• [PROBLEM DESCRIPTION]: Set the whole listing down again, word for word, with no pictures.
-------- RECORDED DATA --------
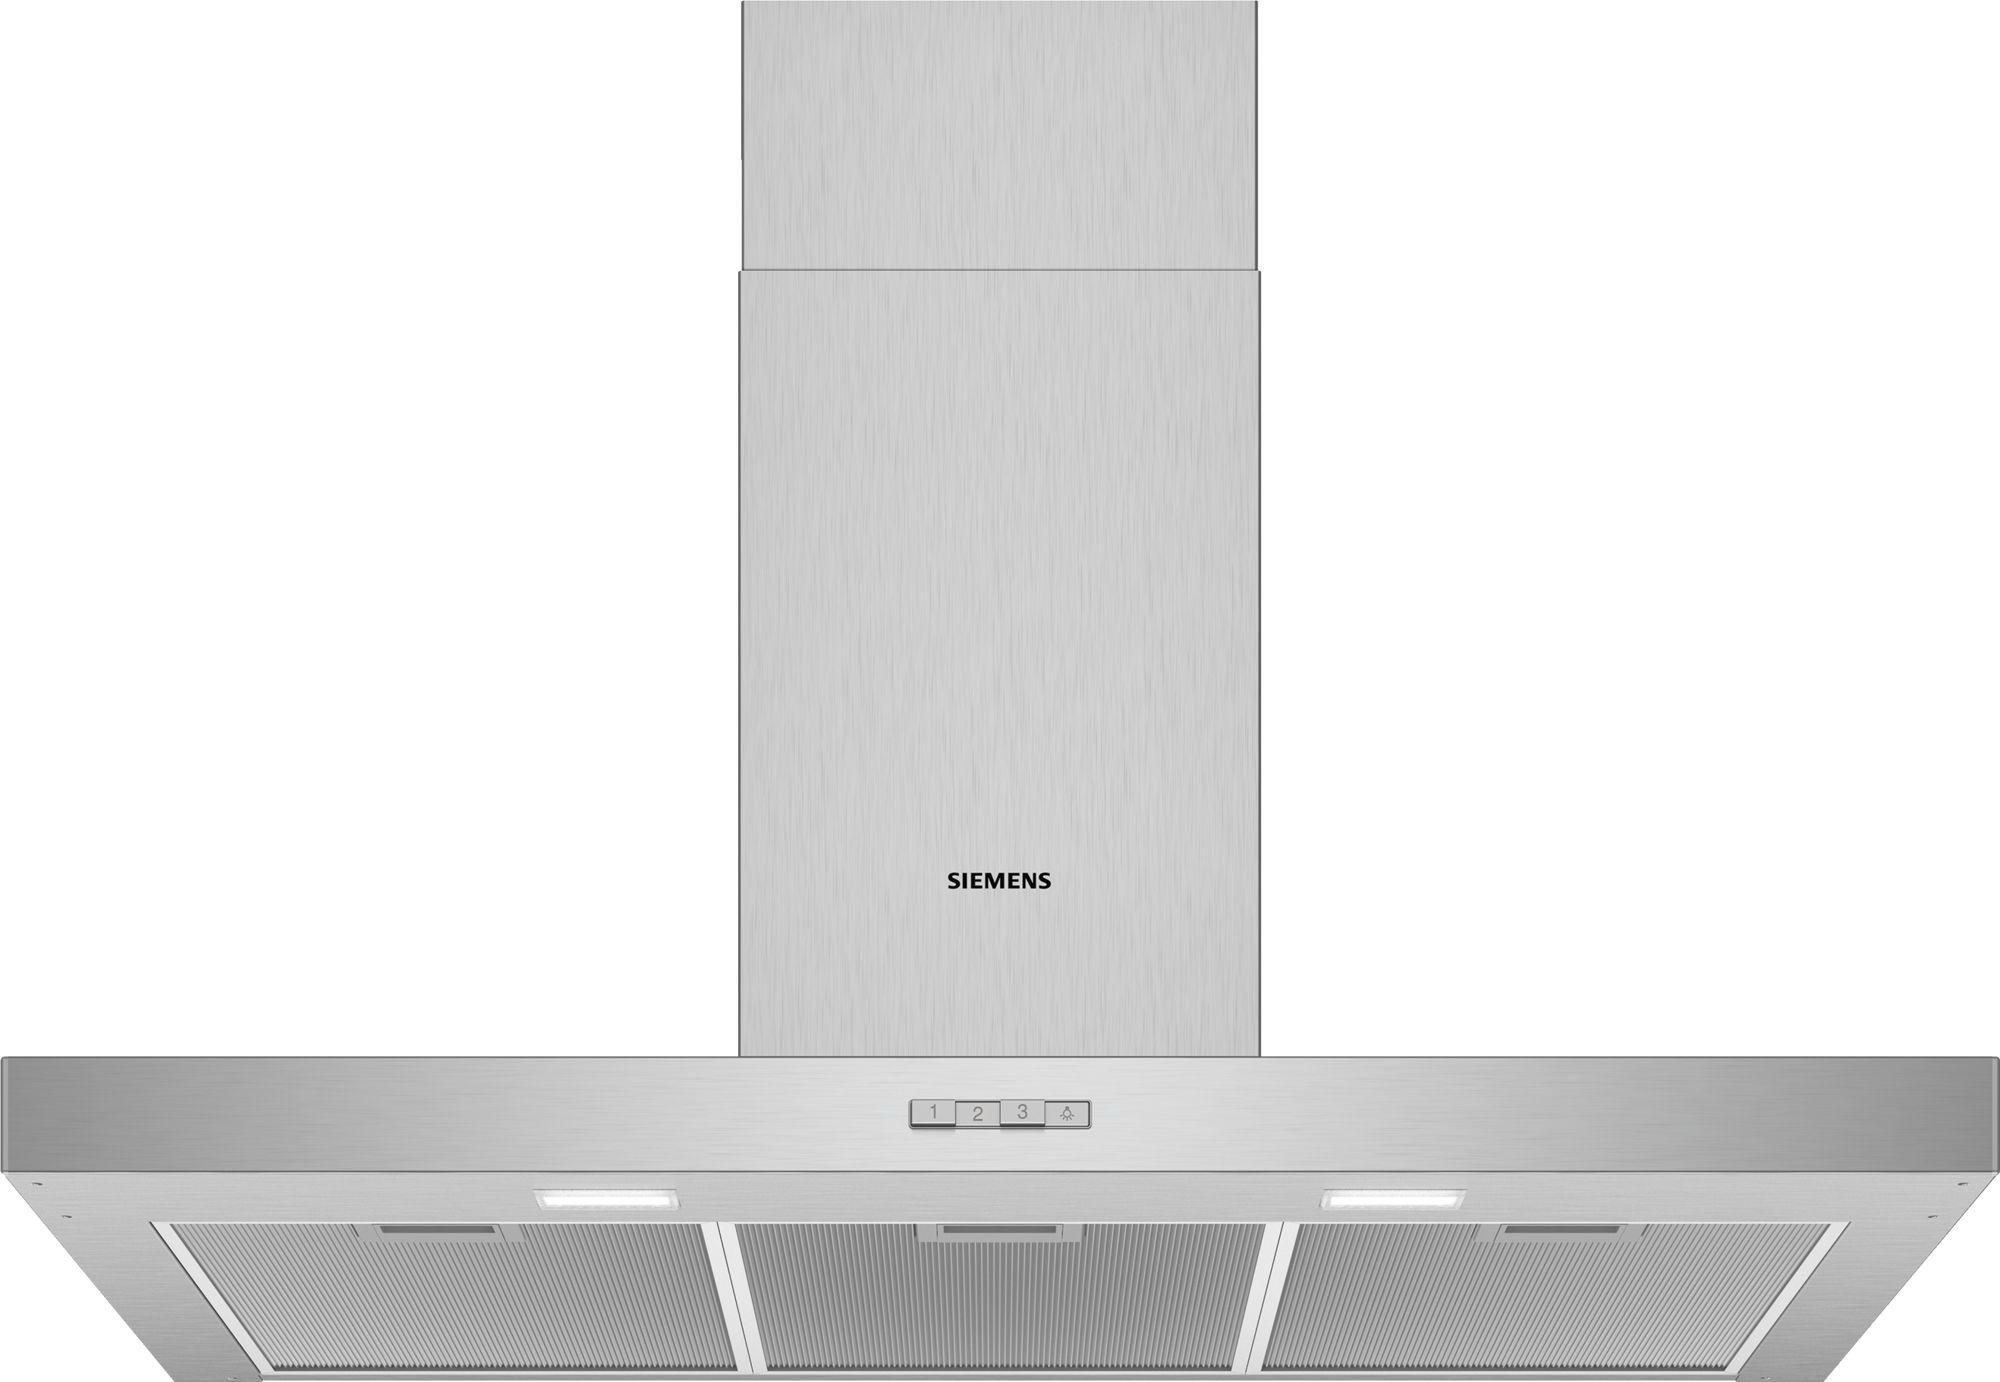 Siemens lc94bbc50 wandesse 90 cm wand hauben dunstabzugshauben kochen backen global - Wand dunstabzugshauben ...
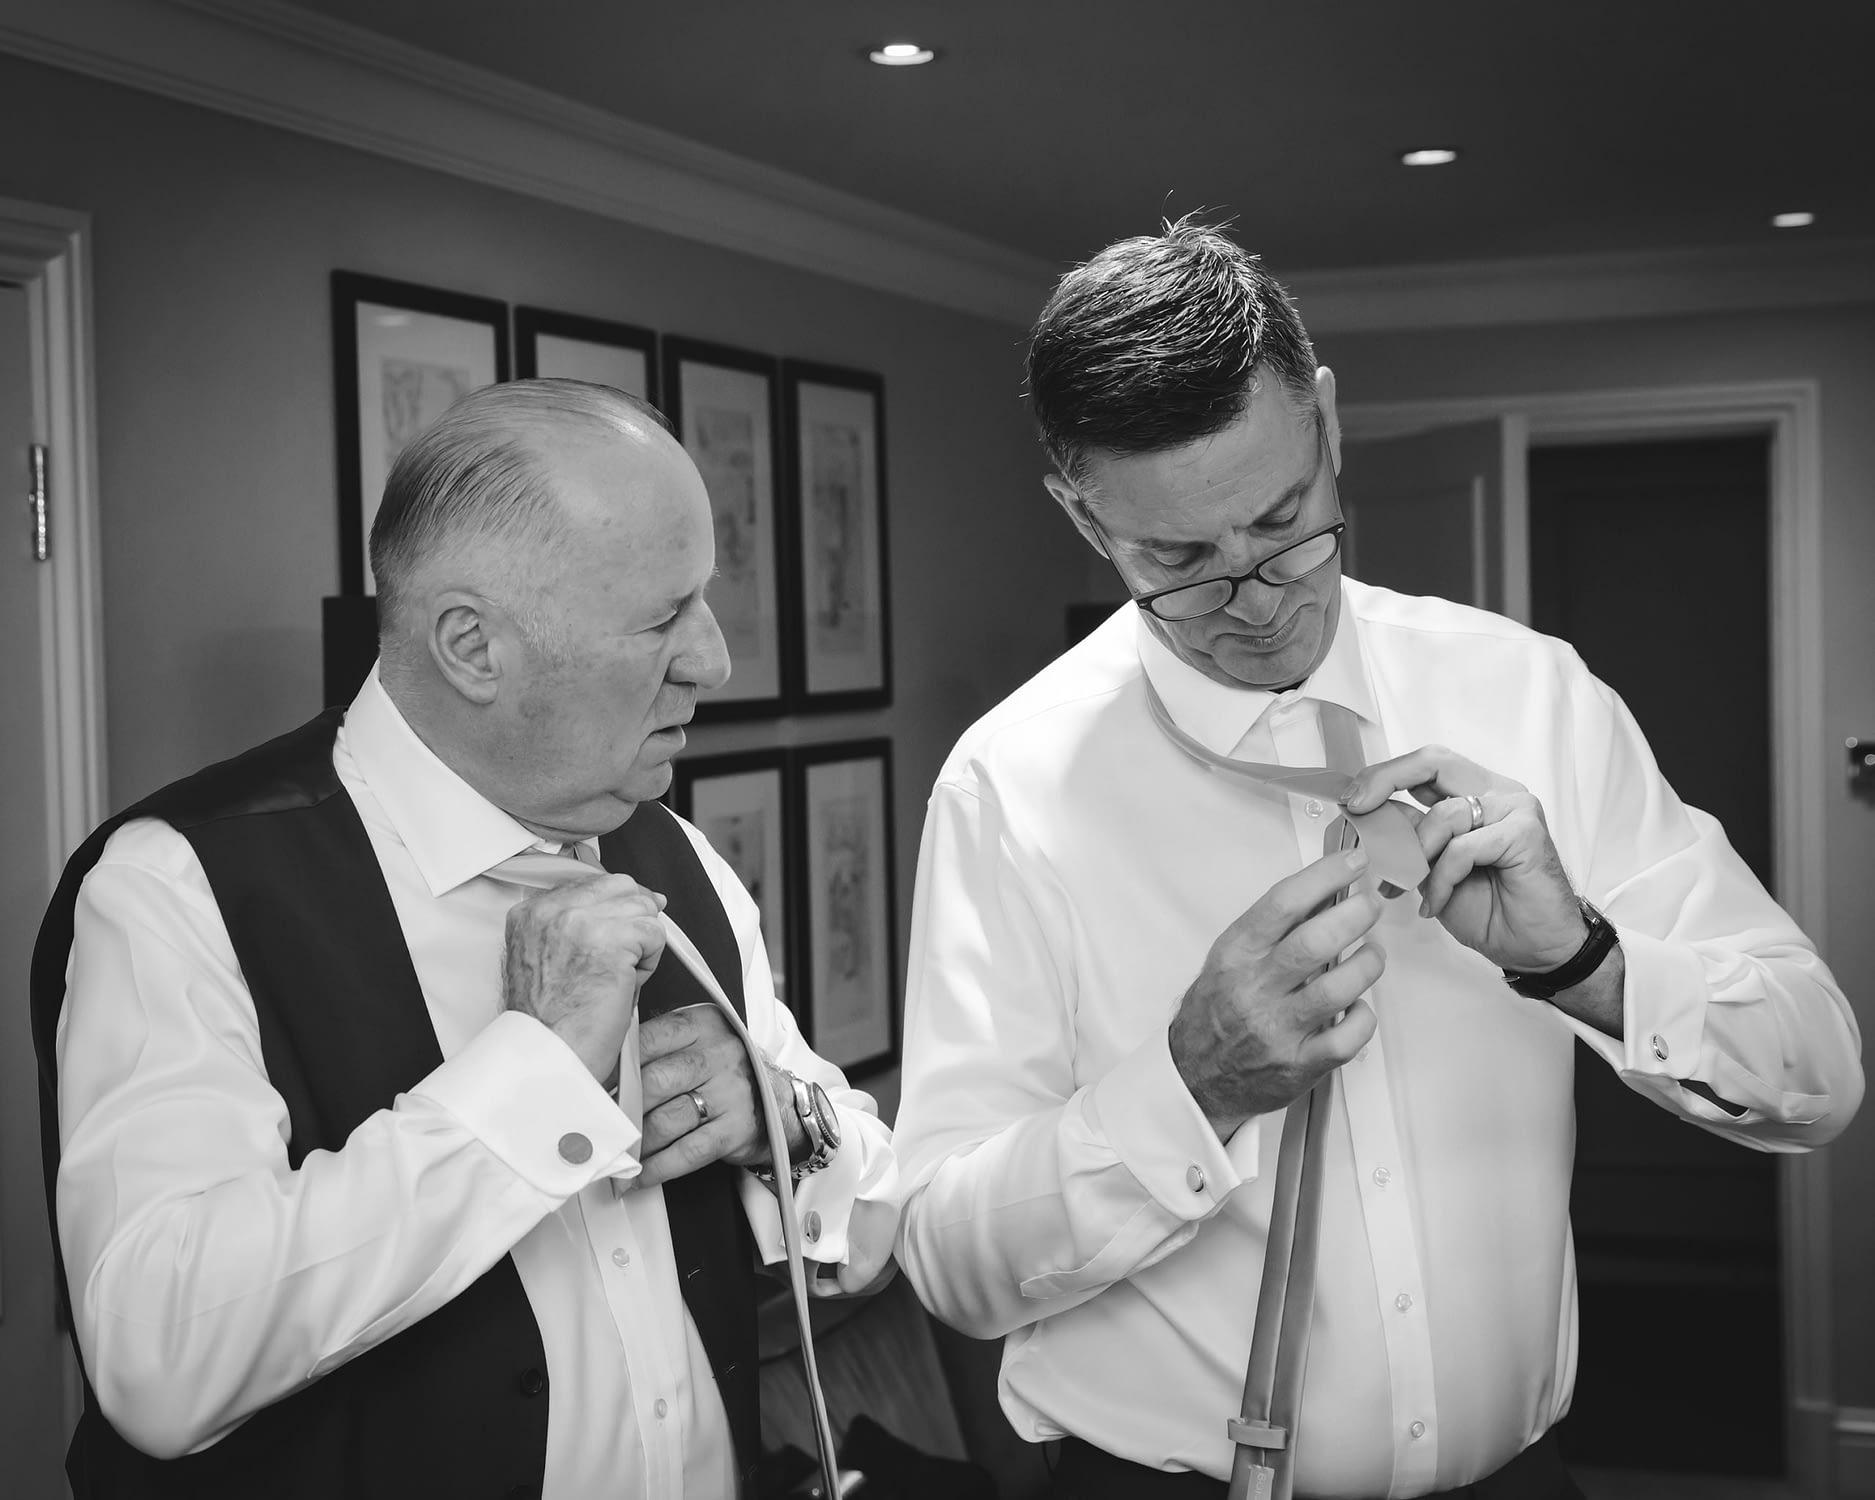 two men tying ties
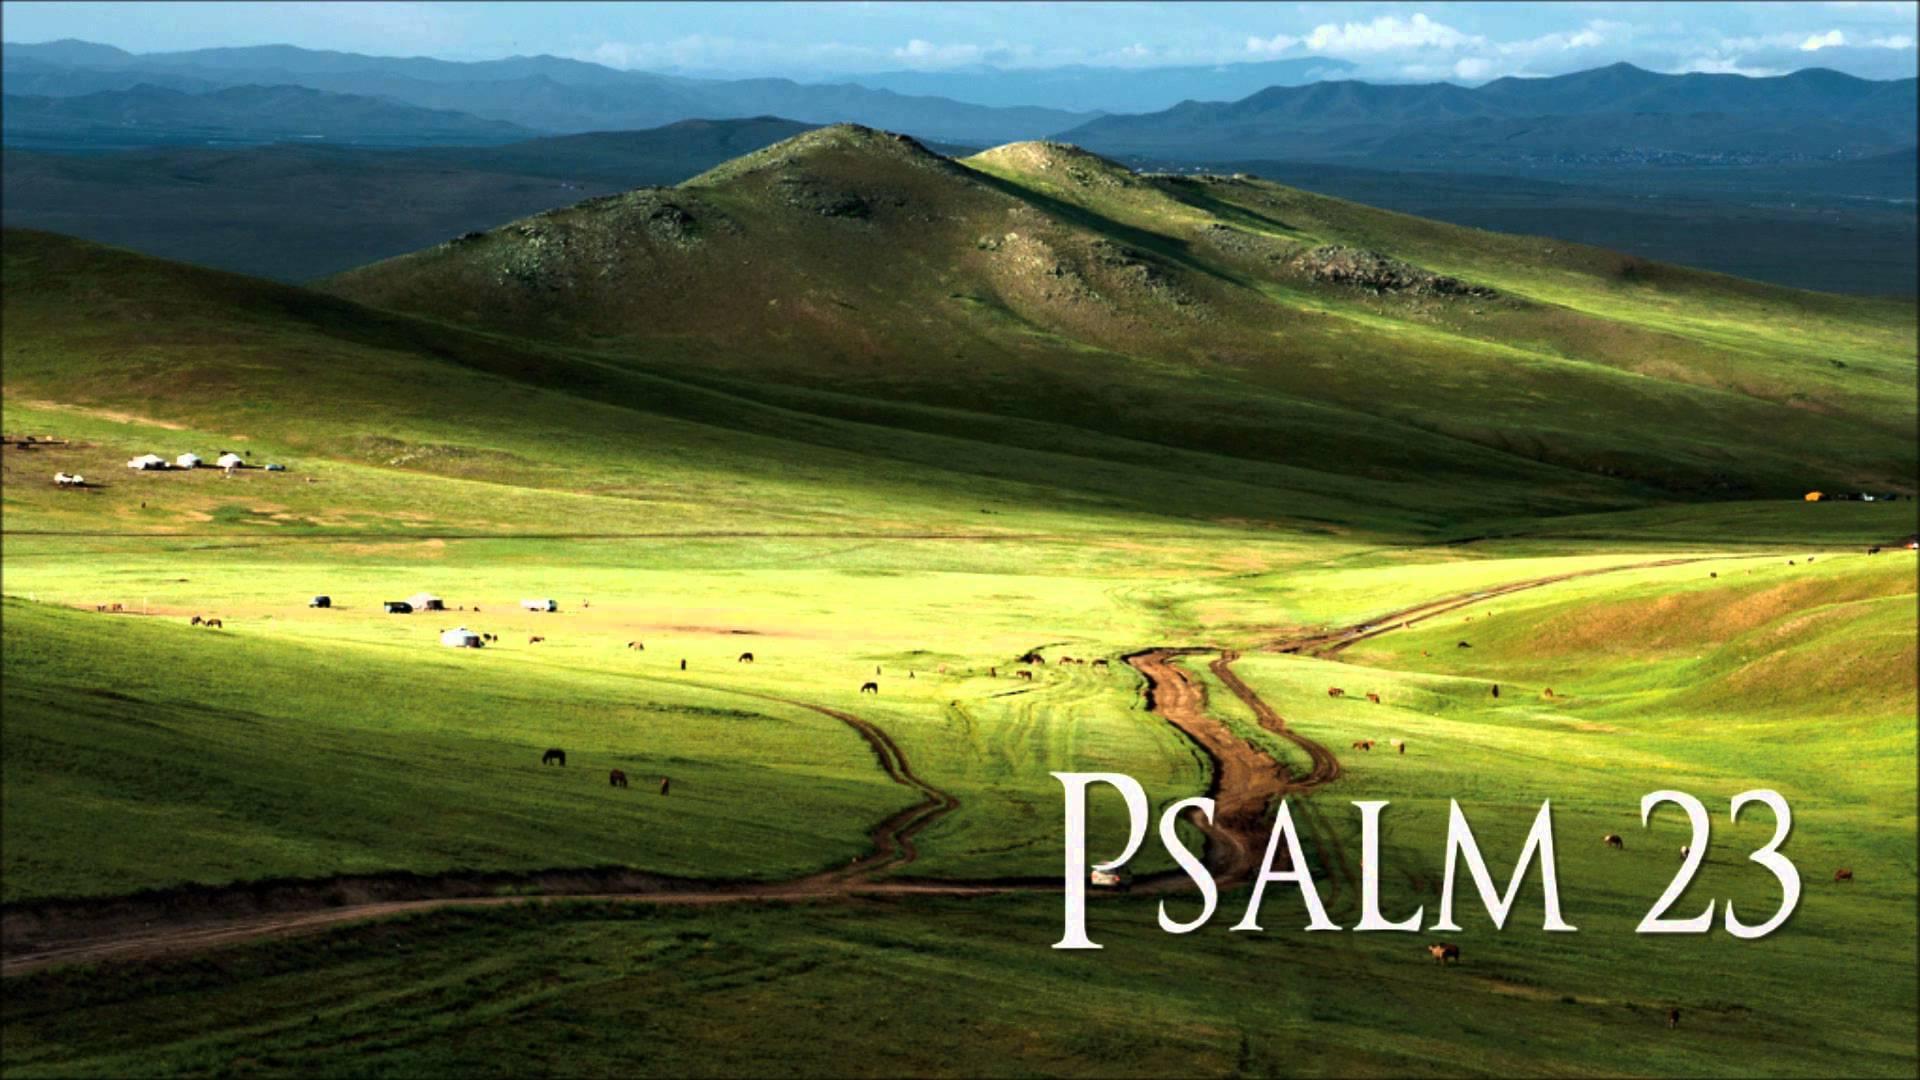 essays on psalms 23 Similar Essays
--------
• [ANSWER SPACE]:
 Siemens lc94bbc50 wandesse 90 cm wand hauben dunstabzugshauben kochen backen global - Wand dunstabzugshauben ...
 two men tying ties
 essays on psalms 23 Similar Essays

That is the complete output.